• **WHAT THIS TASK INVOLVES**: Below is a listing to repeat exactly, with its pictures left out.

[[ EXERCISE DATA, beginning ]]

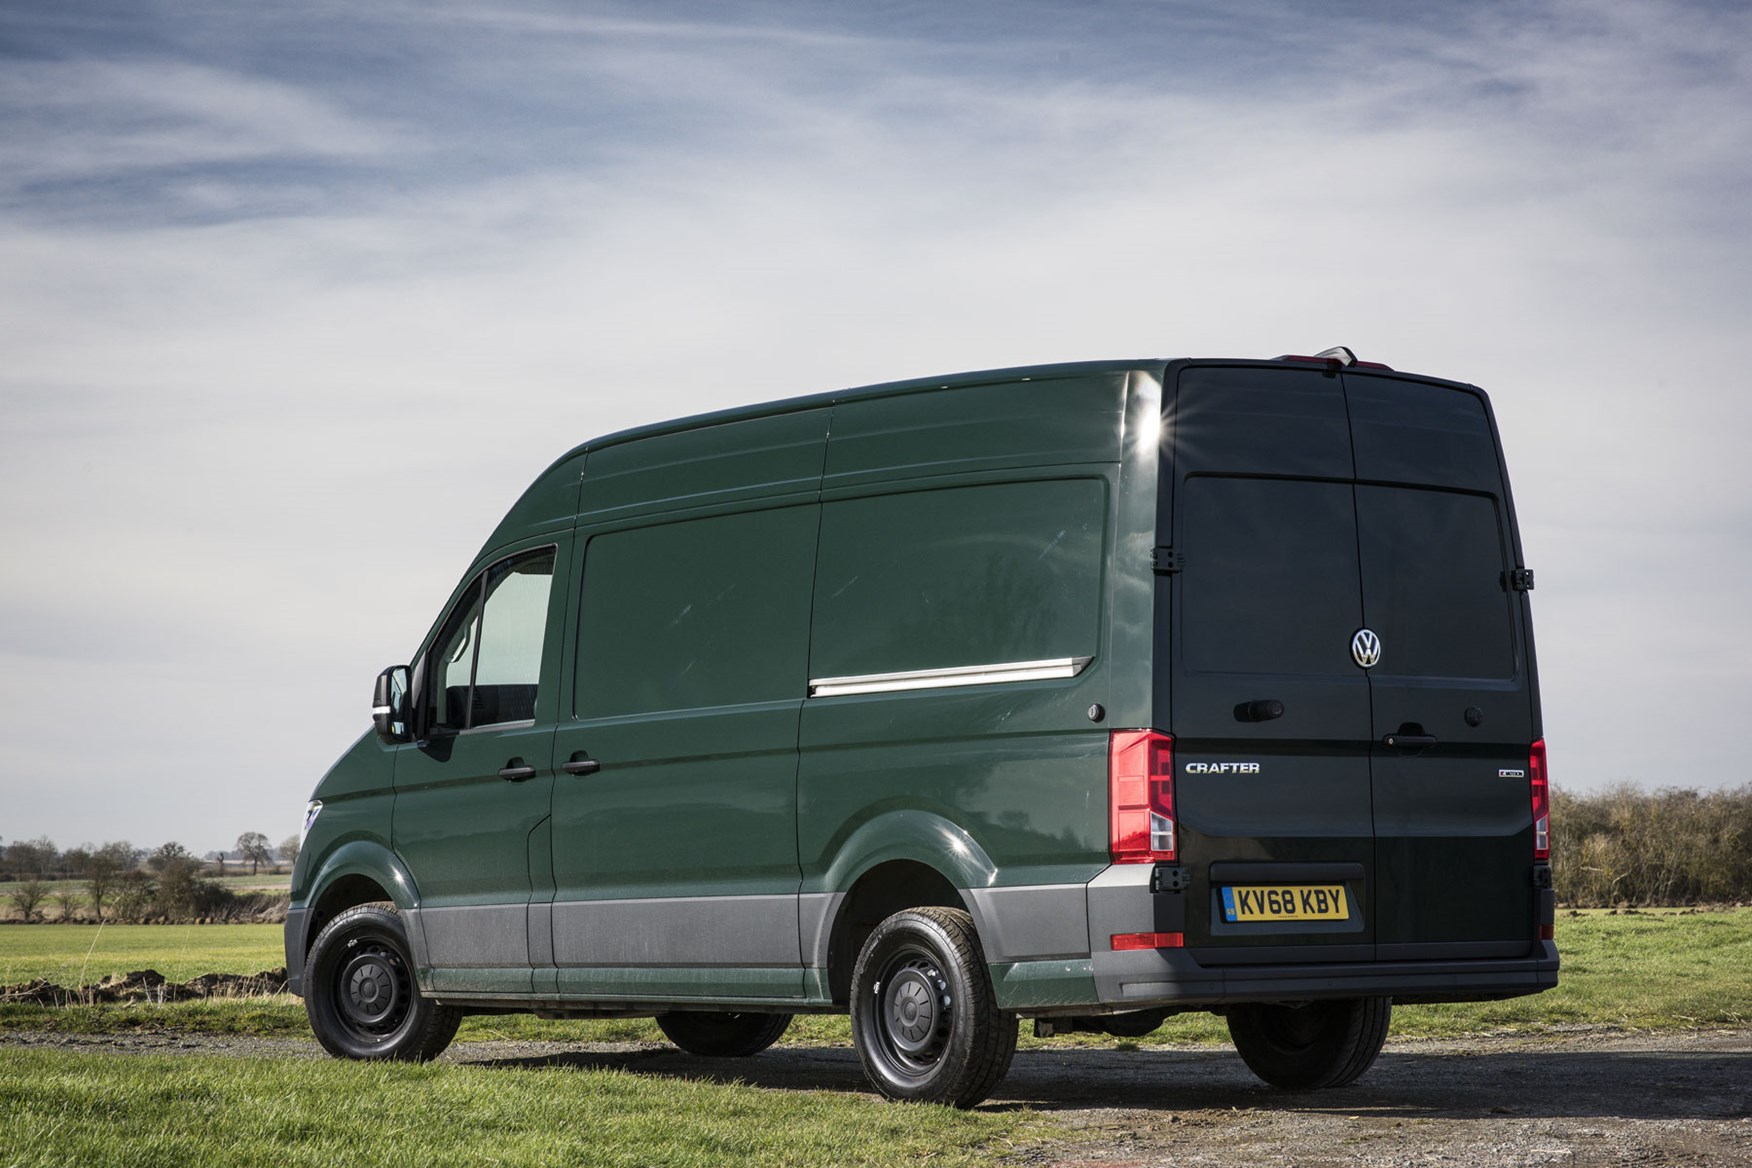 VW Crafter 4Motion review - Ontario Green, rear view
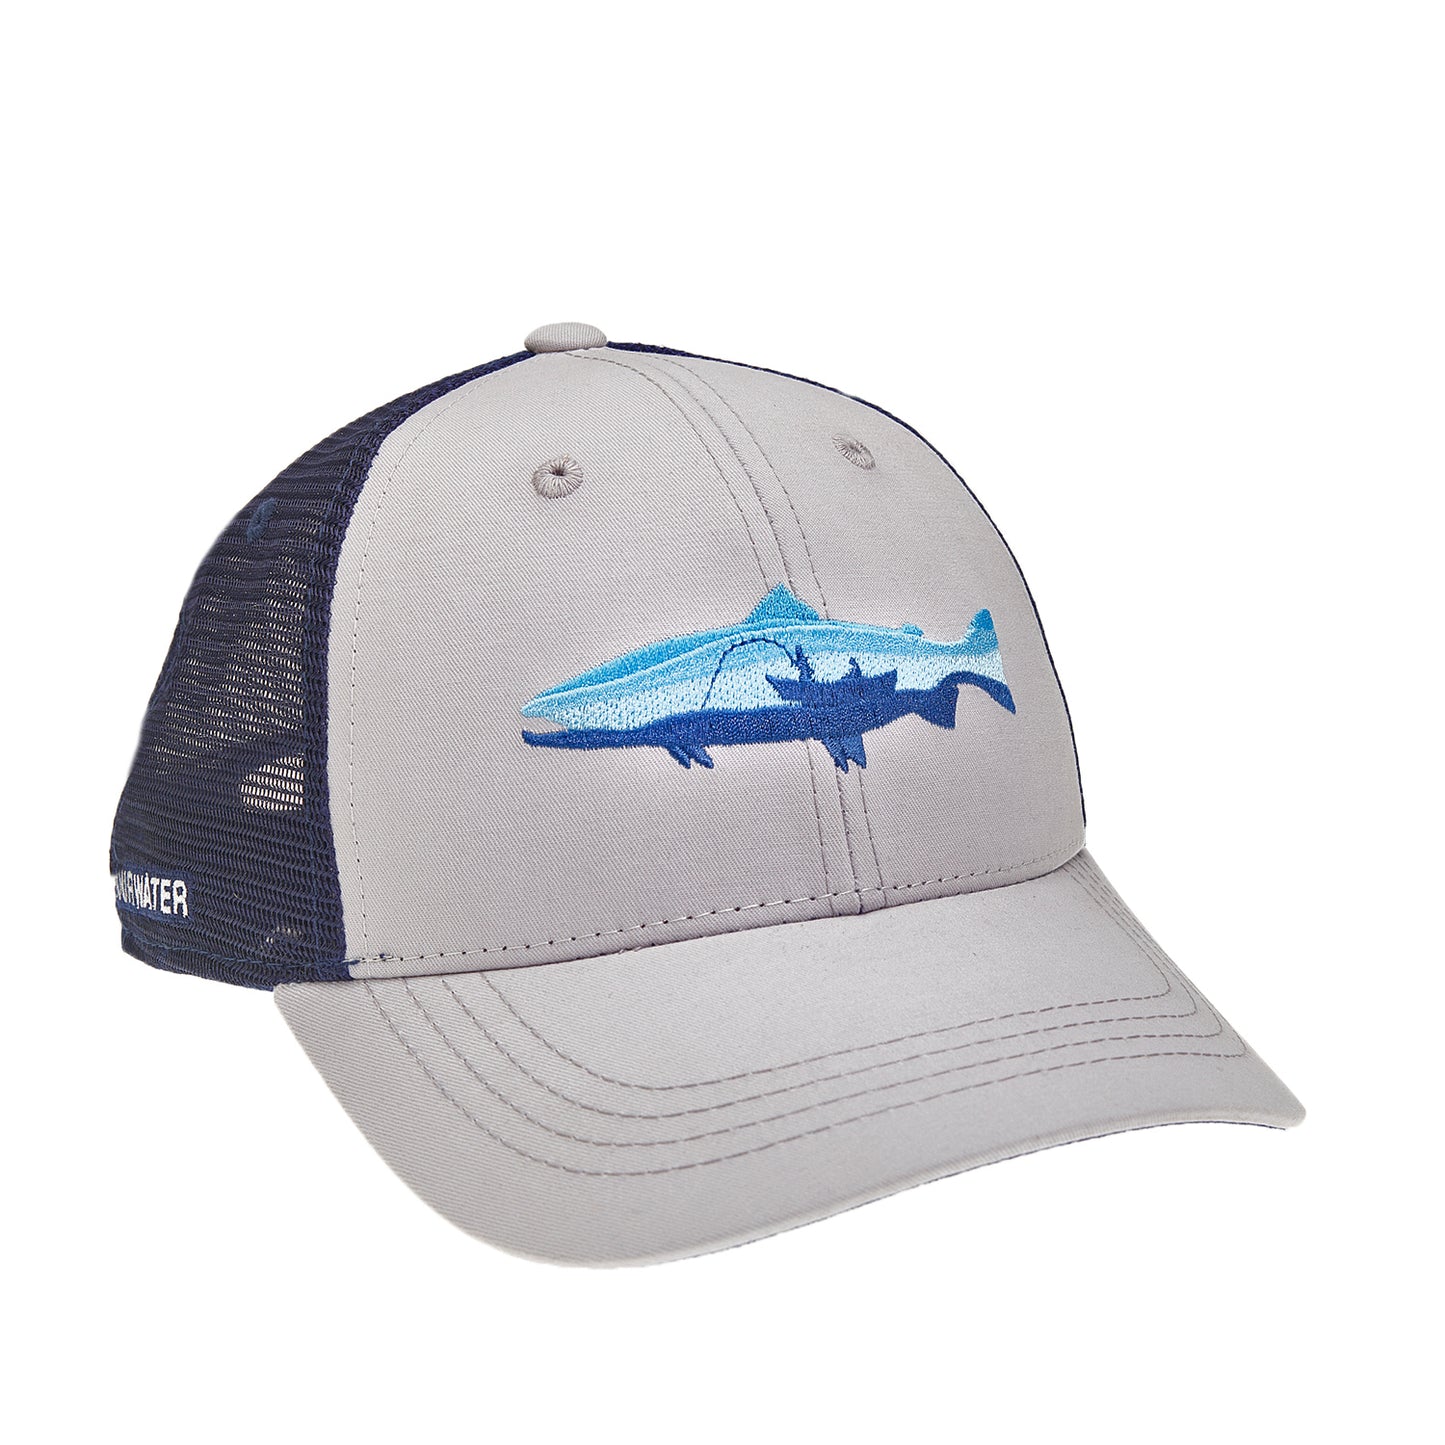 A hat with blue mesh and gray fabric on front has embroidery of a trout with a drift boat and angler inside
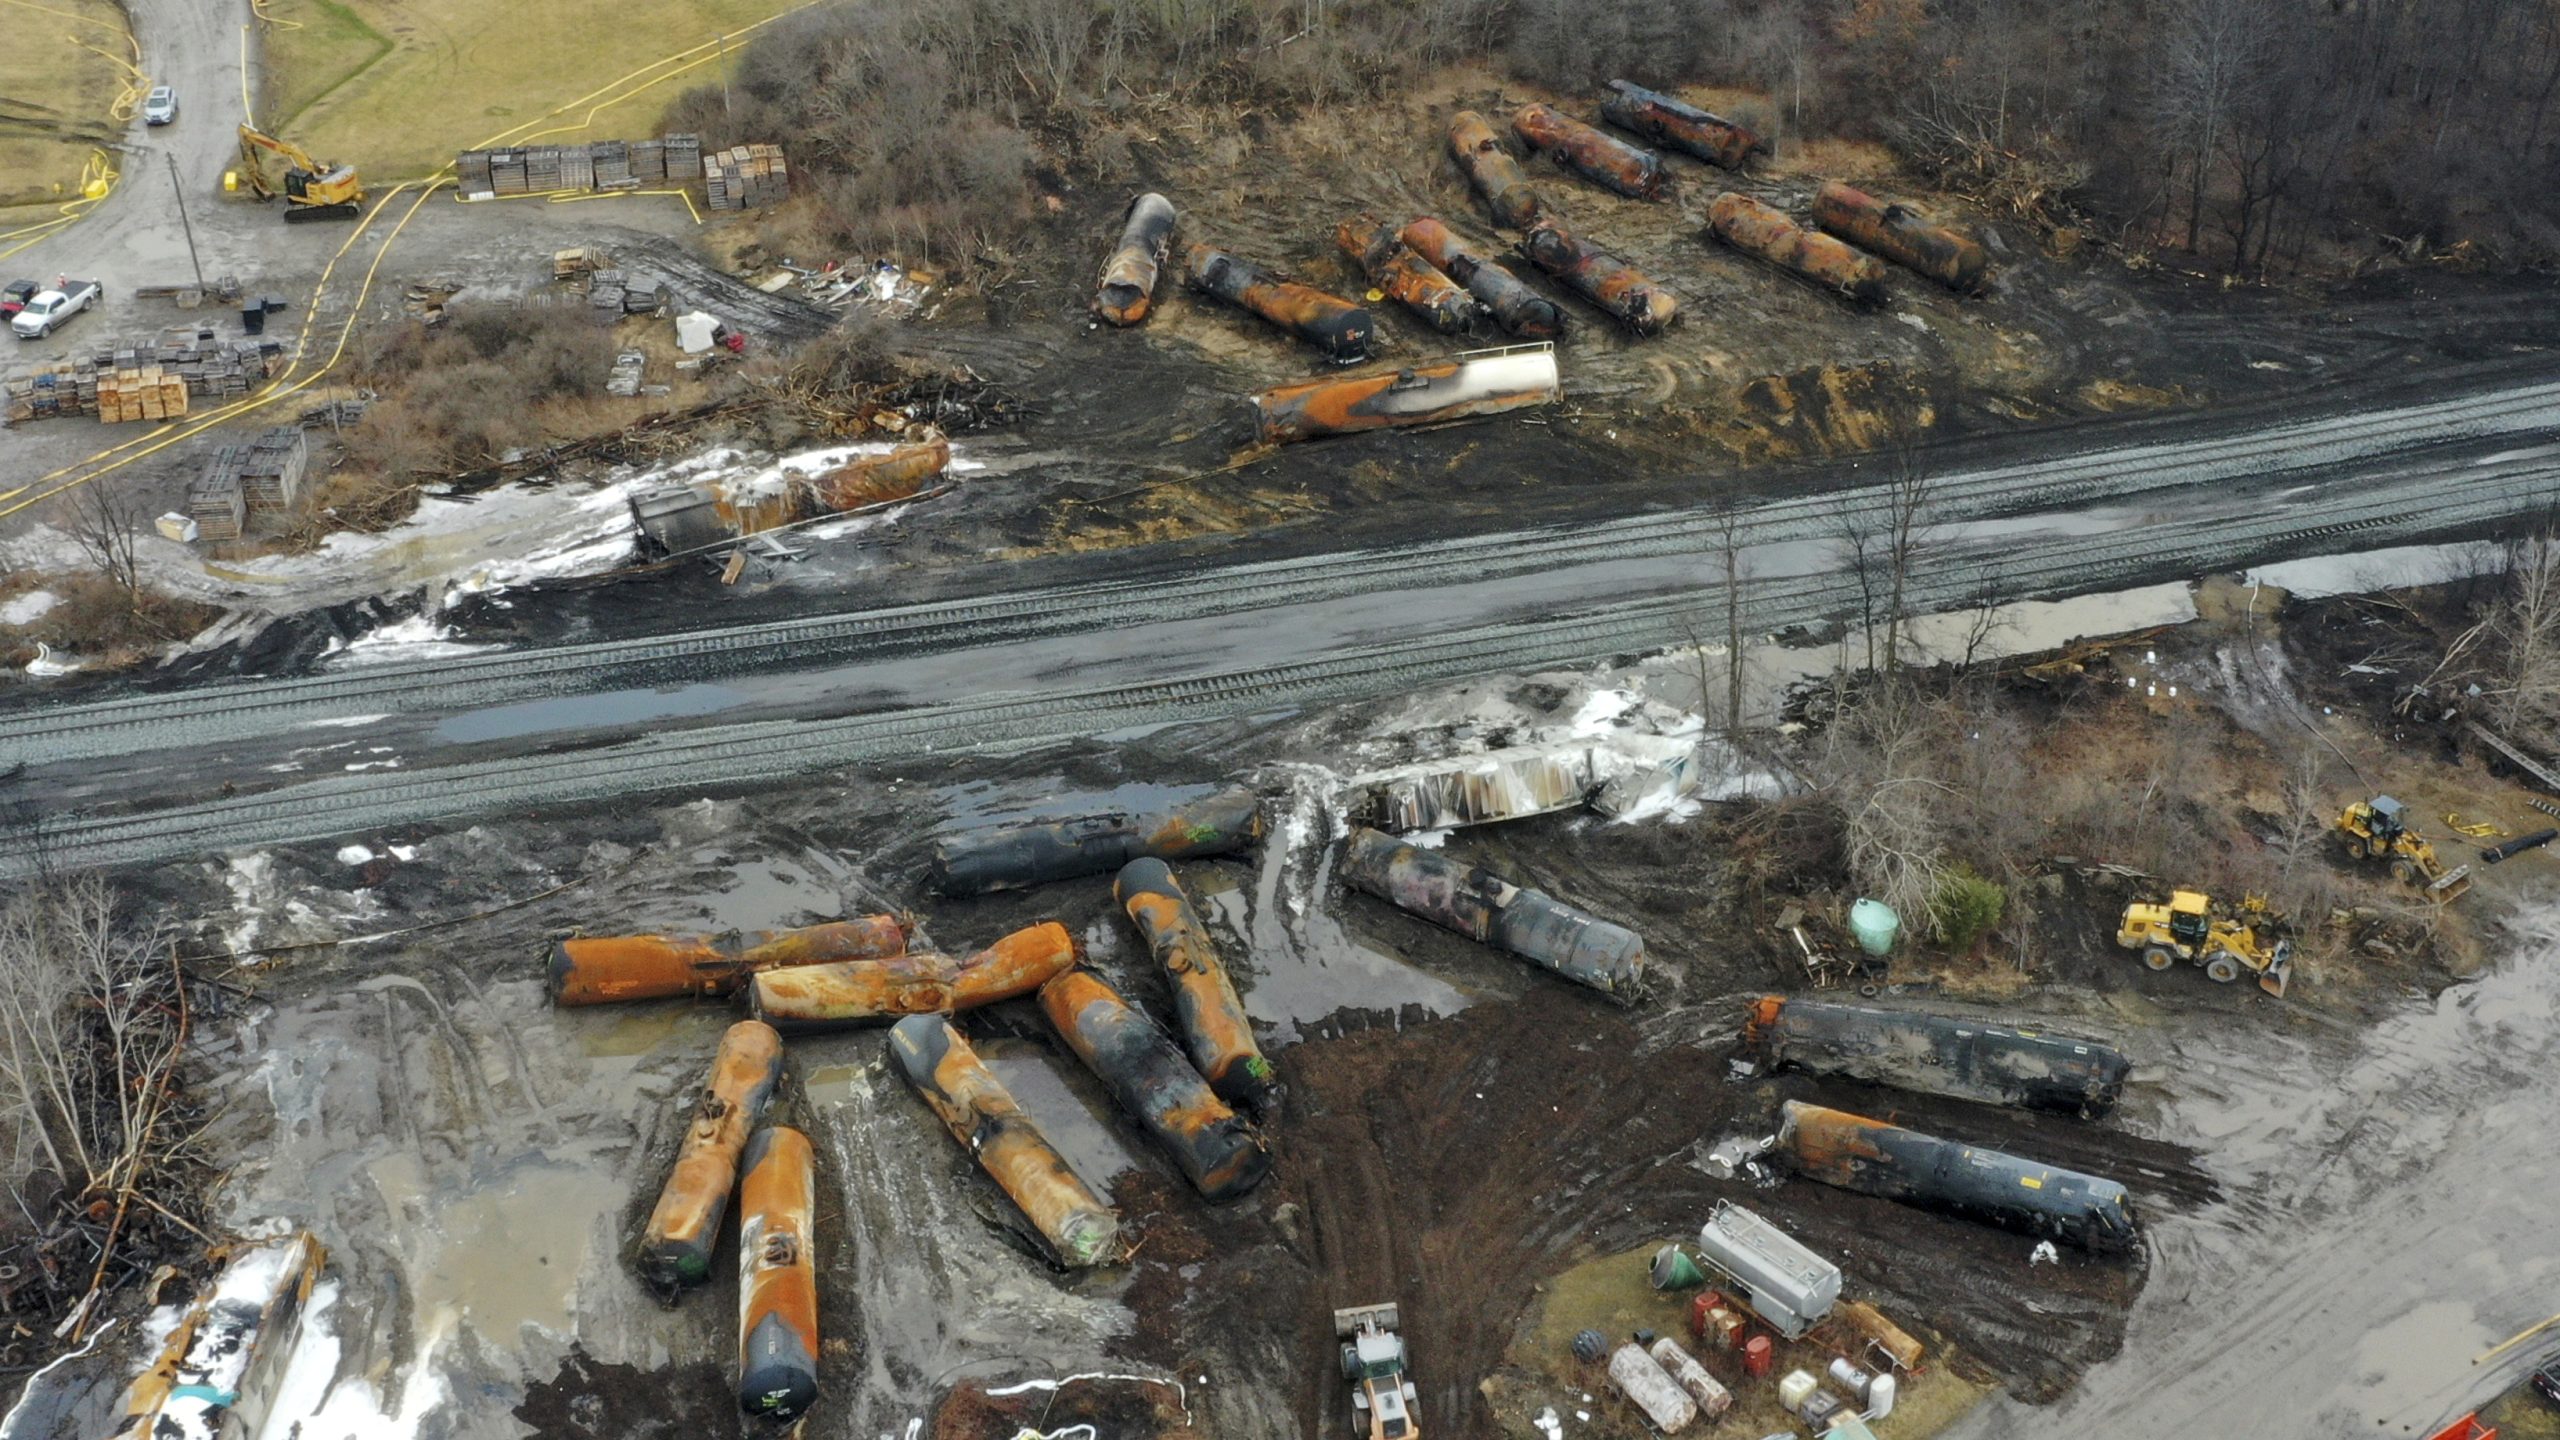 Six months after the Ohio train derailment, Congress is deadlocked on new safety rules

[[ EXERCISE DATA, end ]]

• **WRITTEN SOLUTION**:
 VW Crafter 4Motion review - Ontario Green, rear view
 A hat with blue mesh and gray fabric on front has embroidery of a trout with a drift boat and angler inside
 Six months after the Ohio train derailment, Congress is deadlocked on new safety rules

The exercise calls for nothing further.